Robert Haas <robertmhaas@gmail.com> writes:
> On Wed, May 7, 2014 at 3:18 AM, Simon Riggs <simon@2ndquadrant.com> wrote:
>> If we believe that 25% of shared_buffers worth of heap blocks would
>> flush the cache doing a SeqScan, why should we allow 400% of
>> shared_buffers worth of index blocks?
> I think you're comparing apples and oranges. The 25% threshold is
> answering the question "How big does a sequential scan have to be
> before it's likely to flush so much so much unrelated data out of
> shared_buffers that it hurts the performance of other things running
> on the system?". So it's not really about whether or not things will
> *fit* in the cache, but rather a judgement about at what point caching
> that stuff is going to be less value than continuing to cache other
> things. Also, it's specifically a judgement about shared_buffers, not
> system memory.
> But effective_cache_size is used to estimate the likelihood that an
> index scan which accesses the same heap or index block twice will
> still be in cache on the second hit, and thus need to be faulted in
> only once. So this *is* a judgment about what will fit - generally
> over a very short time scale. And, since bringing a page into
> shared_buffers from the OS cache is much less expensive than bringing
> a page into memory from disk, it's really about what will fit in
> overall system memory, not just shared_buffers.

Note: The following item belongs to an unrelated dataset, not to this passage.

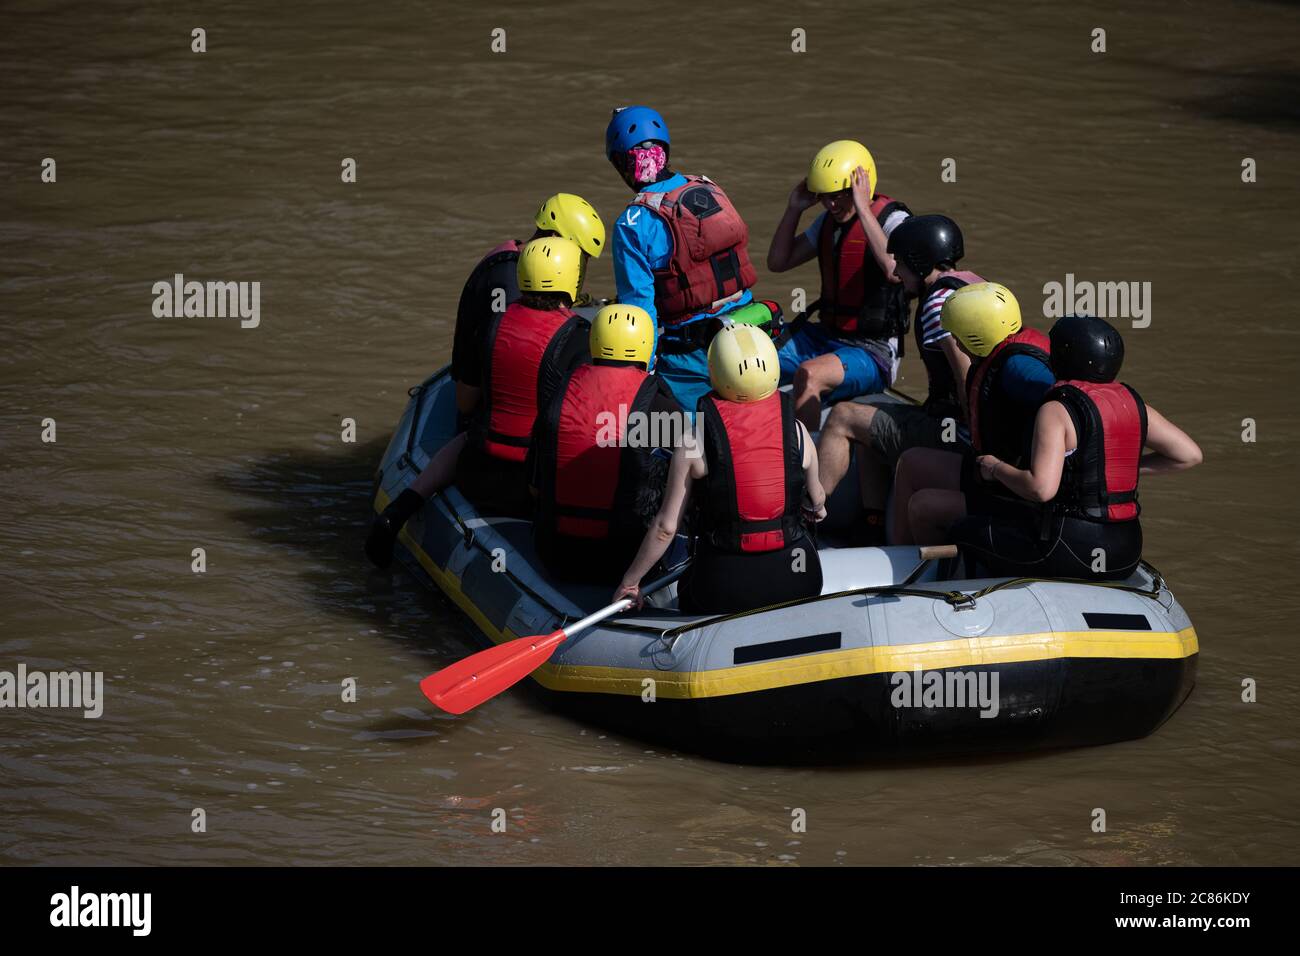 Das Rafting-Boot hielt in einem trüben Wasser an, um die Teammitglieder für ein verrücktes Abenteuer auf dem Fluss wieder zu stärken Stockfoto

Another point is that the 25% seqscan threshold actually controls some
specific caching decisions, which effective_cache_size does not. Raising
effective_cache_size "too high" is unlikely to result in cache trashing;
in fact I'd guess the opposite. What that would do is cause the planner
to prefer indexscans over seqscans in more cases involving large tables.
But if you've got a table+index that's bigger than RAM, seqscans are
probably going to be worse for the OS cache than indexscans, because
they're going to require bringing in more data.
So I still think this whole argument is founded on shaky hypotheses
with a complete lack of hard data showing that a smaller default for
effective_cache_size would be better. The evidence we have points
in the other direction.
regards, tom lane